Returns a batch of data.

The default implementation calls get() for every requested index in the batch.

template<typename Self, typename Batch = std::vector<Example<>>, typename BatchRequest = ArrayRef<size_t>> class BatchDataset#

A dataset that can yield data only in batches.

Subclassed by torch::data::datasets::Dataset< MNIST >, torch::data::datasets::Dataset< TensorDataset, TensorExample >, torch::data::datasets::StatefulDataset< ChunkDataset< ChunkReader, samplers::RandomSampler, samplers::RandomSampler >, ChunkReader::BatchType, size_t >

Public Types

using SelfType = Self #

using BatchType = Batch #

using BatchRequestType = BatchRequest #

Public Functions

virtual ~BatchDataset() = default#

virtual Batch get_batch(BatchRequest request) = 0#: Returns a batch of data given an index.

virtual std::optional<size_t> size() const = 0#: Returns the size of the dataset, or an empty std::optional if it is unsized.

template<typename TransformType> inline MapDataset<Self, TransformType> map(TransformType transform) &#: Creates a MapDataset that applies the given transform to this dataset.

template<typename TransformType> inline MapDataset<Self, TransformType> map(TransformType transform) &&#: Creates a MapDataset that applies the given transform to this dataset.

Public Static Attributes

static constexpr bool is_stateful = detail::is_optional<BatchType>::value#

StatefulDataset#

A dataset that manages its own state across batches (e.g., position in a stream). Unlike Dataset, it produces batches directly without external samplers.

template<typename Self, typename Batch = std::vector<Example<>>, typename BatchRequest = size_t> class StatefulDataset : public BatchDataset<Self, std::optional<std::vector<Example<>>>, size_t>#

A stateful dataset is a dataset that maintains some internal state, which will be reset() at the beginning of each epoch.

Subclasses can override the reset() method to configure this behavior. Further, the return type of a stateful dataset’s get_batch() method is always an optional. When the stateful dataset wants to indicate to the dataloader that its epoch has ended, it should return an empty optional. The dataloader knows to modify its implementation based on whether the dataset is stateless or stateful.

Note that when subclassing a from StatefulDataset<Self, T>, the return type of get_batch(), which the subclass must override, will be optional<T> (i.e. the type specified in the StatefulDataset specialization is automatically boxed into an optional for the dataset’s BatchType).

Public Functions

virtual void reset() = 0#: Resets internal state of the dataset.

virtual void save(serialize::OutputArchive &archive) const = 0#: Saves the statefulDataset’s state to OutputArchive.

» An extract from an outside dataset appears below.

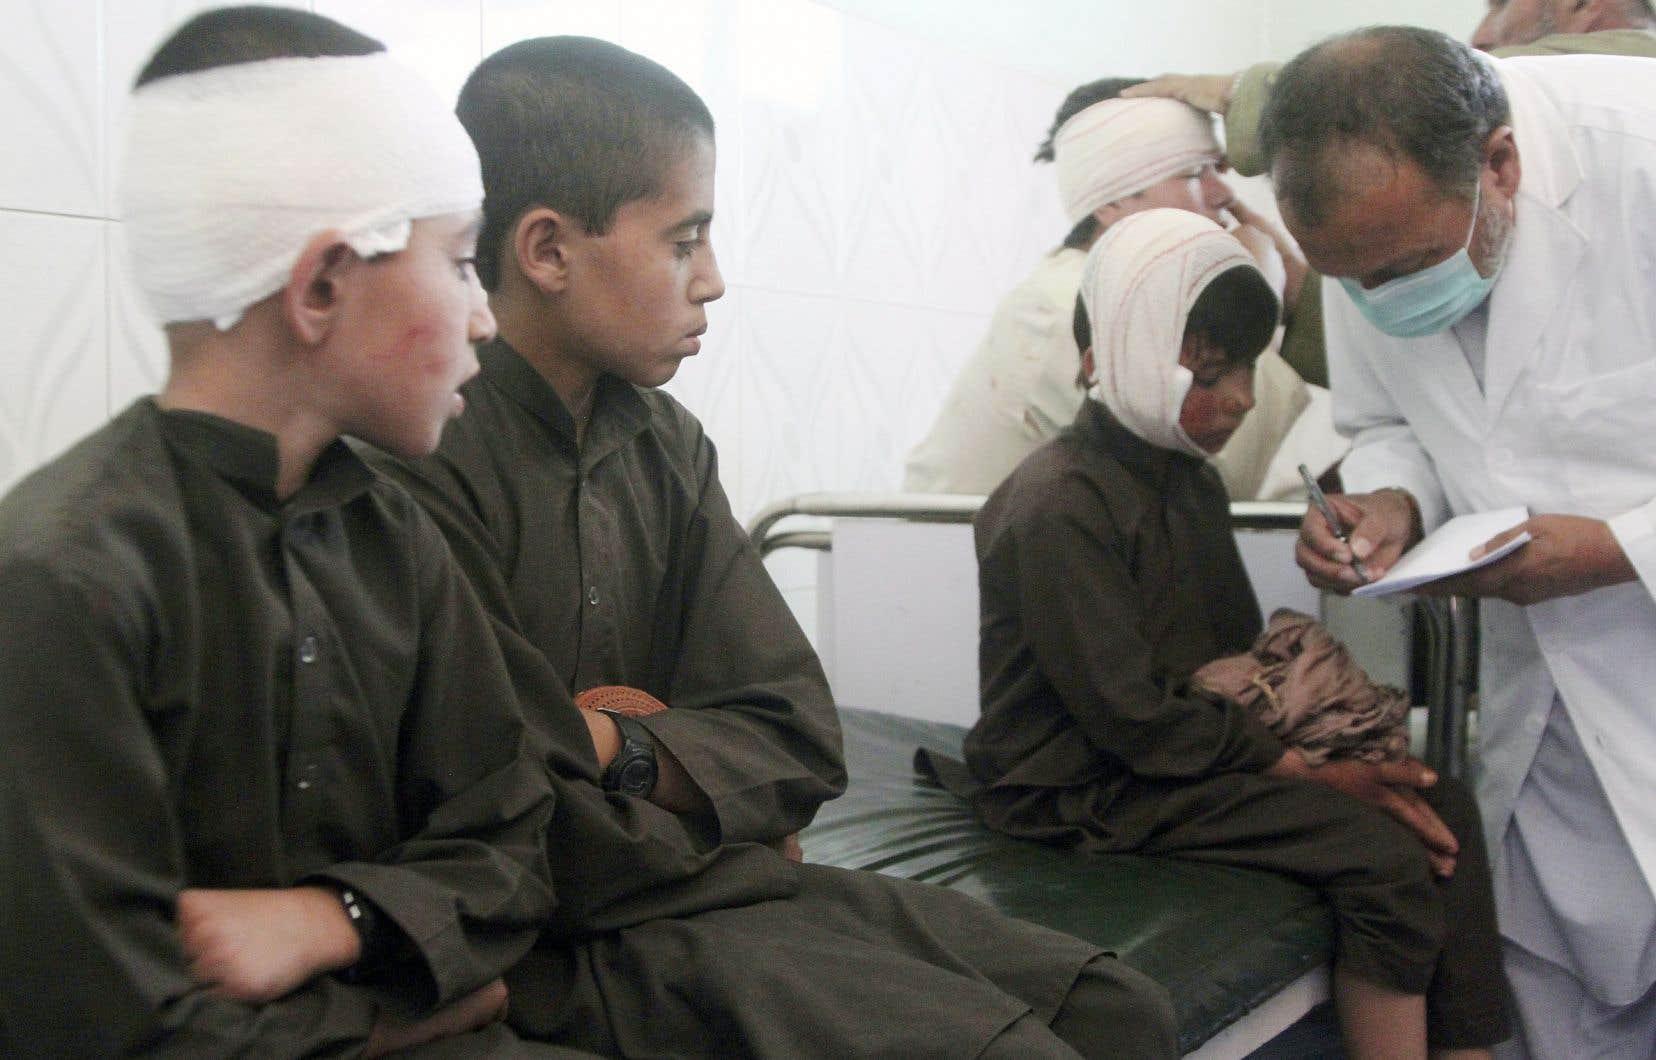 De jeunes garçons étaient soignés pour des blessures encourues dans l'attentat suicide qui a fait 12 morts dimanche à Ghazni, dans l'est de l'Afghanistan.

virtual void load(serialize::InputArchive &archive) = 0#: Deserializes the statefulDataset’s state from the archive.

ChunkDataReader#

Interface for reading chunks of data from a data source. Used with ChunkDataset for large-scale data loading.

template<typename ExampleType_, typename ChunkType_ = std::vector<ExampleType_>> class ChunkDataReader#

Interface for chunk reader, which performs data chunking and reading of entire chunks.

A chunk could be an entire file, such as an audio data file or an image, or part of a file in the case of a large text-file split based on seek positions.

Public Types

using ChunkType = ChunkType_#

using ExampleType = ExampleType_#

Public Functions

virtual ~ChunkDataReader() = default#

virtual ChunkType read_chunk(size_t chunk_index) = 0#: Read an entire chunk.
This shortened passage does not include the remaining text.